>>17252410Zip compression and indexing of repetitive text can be suprisingly efficient.
https://www.youtube.com/watch?v=efPrtcLdcdMThat dude used a couple grand computer to do it, so it ain't that expensive.
NSA Runs a datacenter out of Arizona which is where they archive the internet at. Specifically they store encrypted communications for elongated periods of time in order to crack them later, and no doubt they have huge underground datacenters built to crack encryption as needed. That is a much more expensive storage problem because encrypted data can't be semantically symbolized and summarized the same way uncompressed or encrypted data is.
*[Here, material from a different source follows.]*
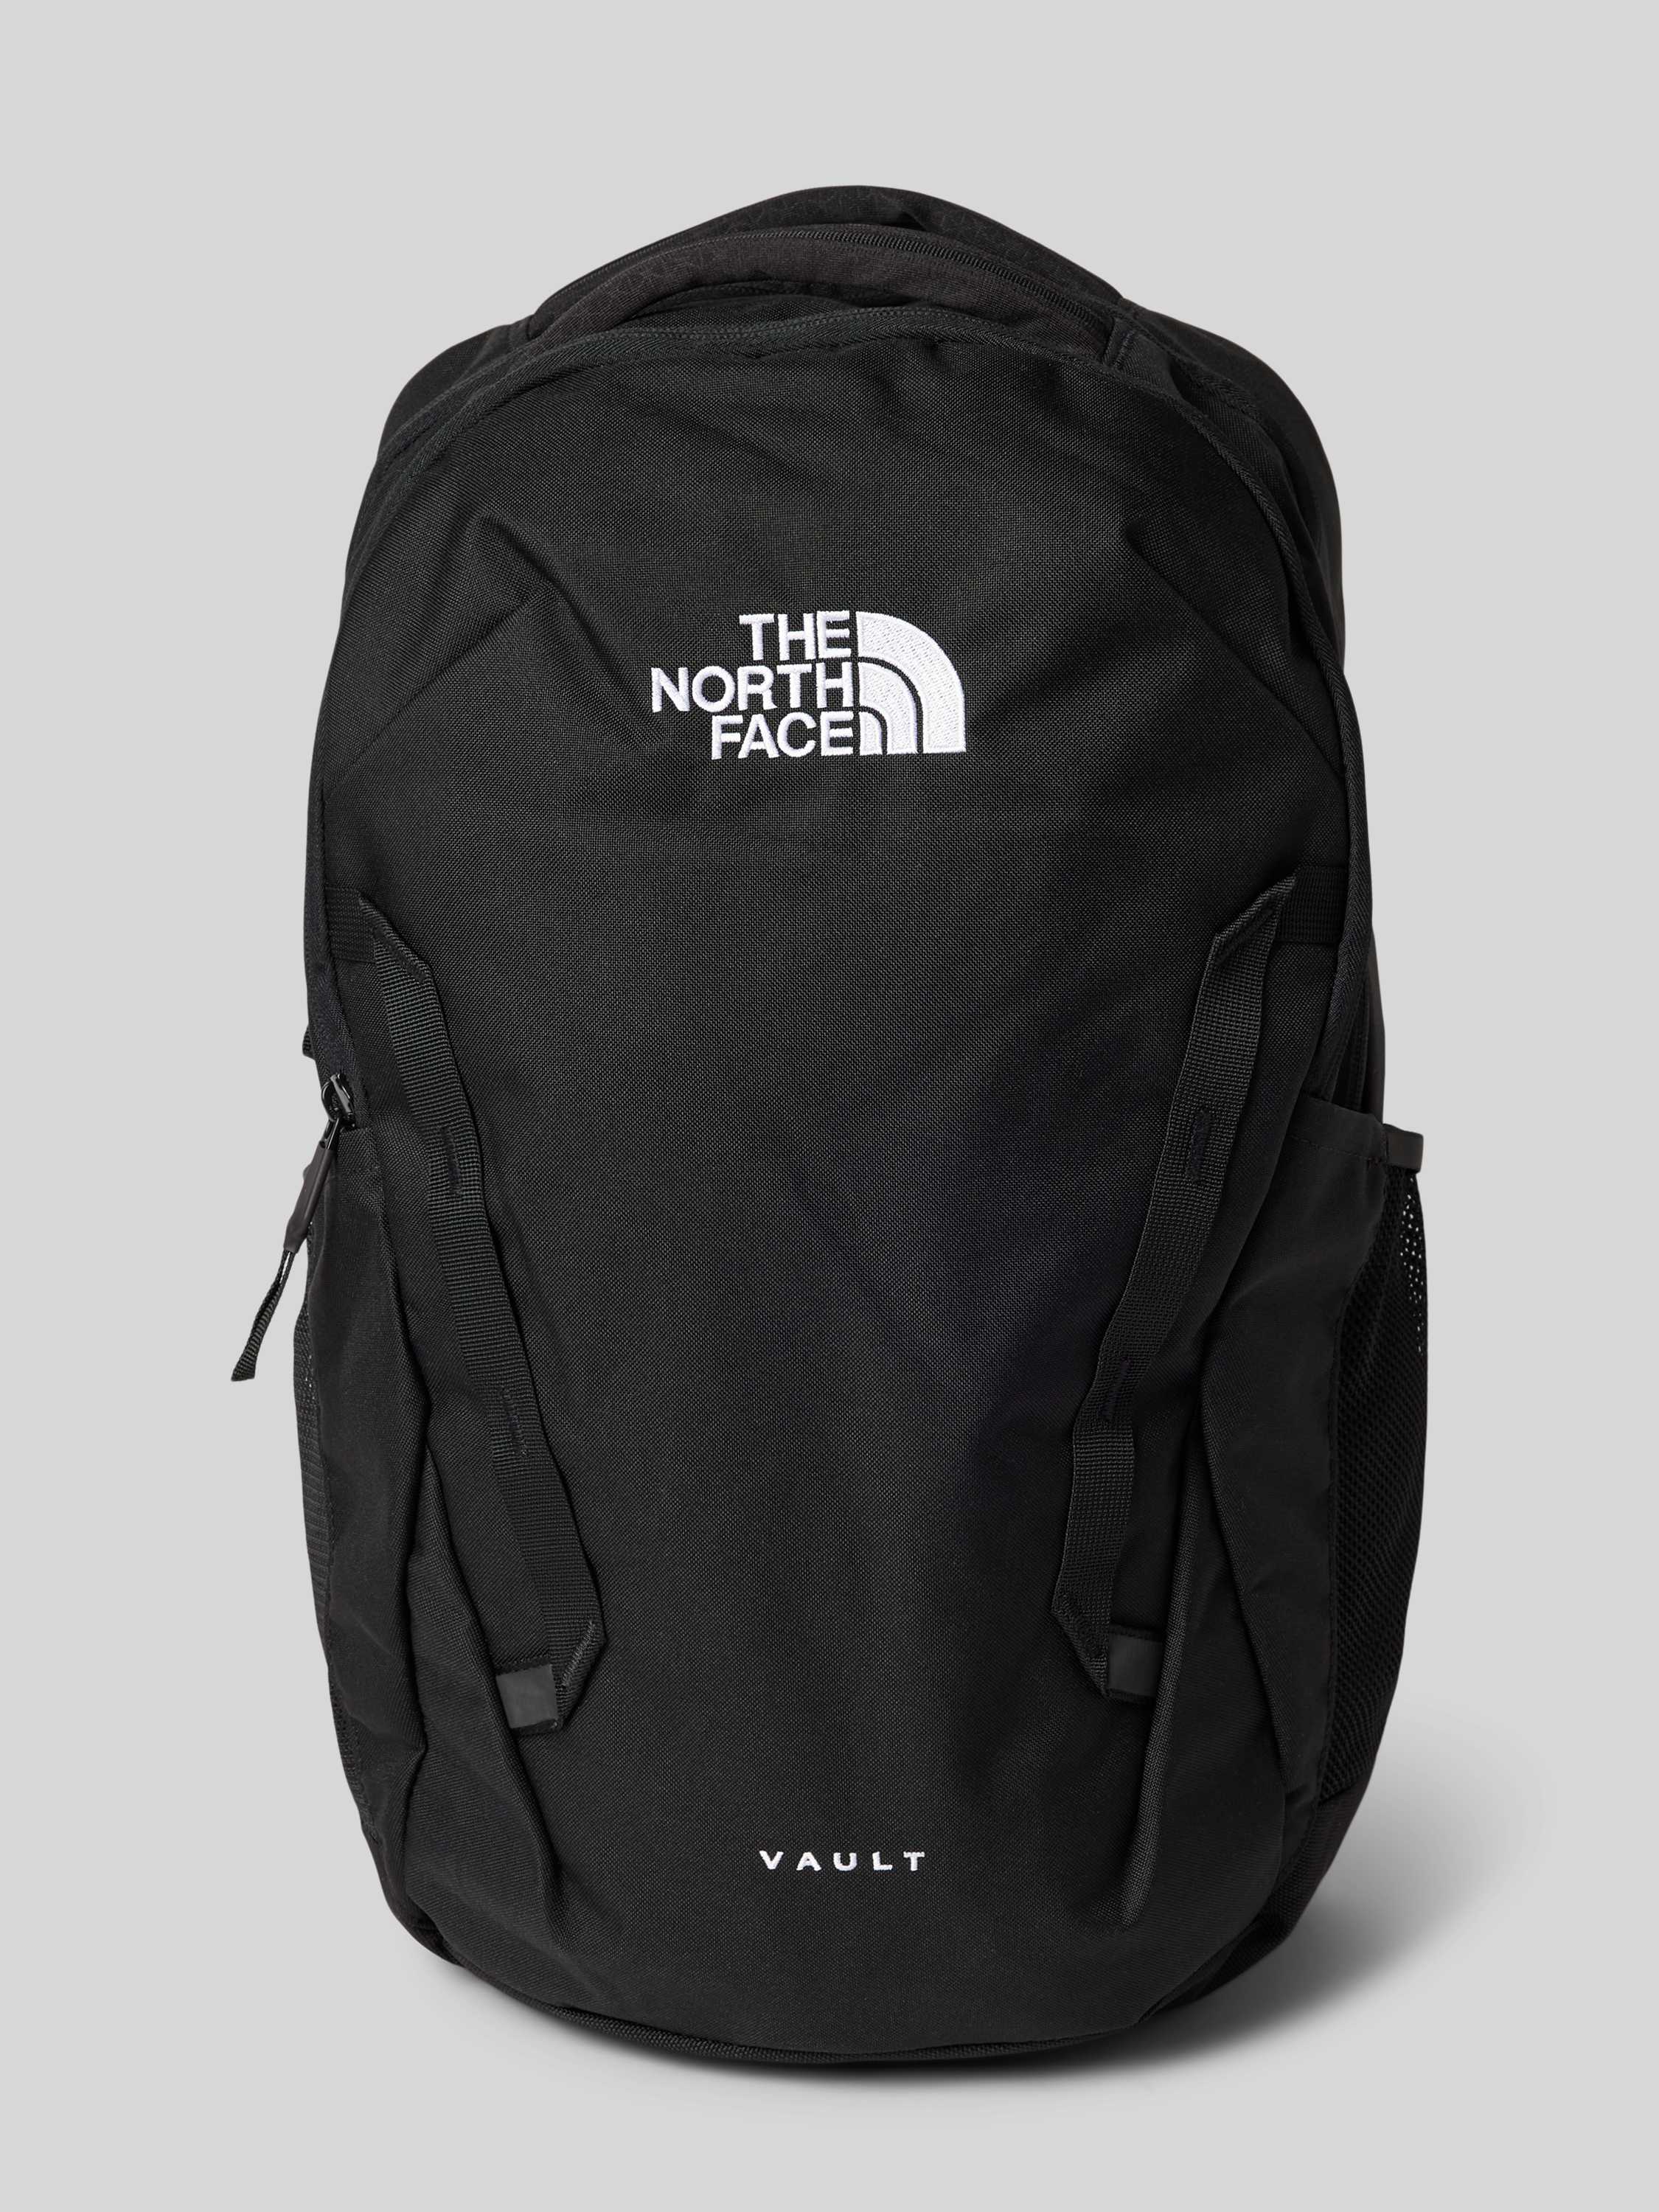 The North Face Rugzak met labelstitching

You can distill a https session to a clickmap using a packet capture and compress and index it along with the website, but if it's all encrypted, you're storing everything at the full face-value, and assuming you have the key, decrypting that volume of data has significant computational cost.
While the data might be out there for a good long while, the records of attribution, meaning who is doing what, is really hard to figure out reliably without some kind of meta-identity-database table. IP addresses are unreliable sources of identity. You need to identify individual computer users; even if you target specific individuals, a lot of the posts on this site come from large government-affiliated botnets using zero-days to temporarily hijack cellphones and PC's. Identity brokers are building the infrastructure but people view surveillance and forced identity as stalking which is a precursor to crime and violence which necessitates building adblockers to poison identity brokers data. Ergo, while the attribution data today might be useful for targeting malware and commercially viable for advertising, it is not forensically sound enough for the courts.
So post away you insufferable cunts. This is your tax dollars at work.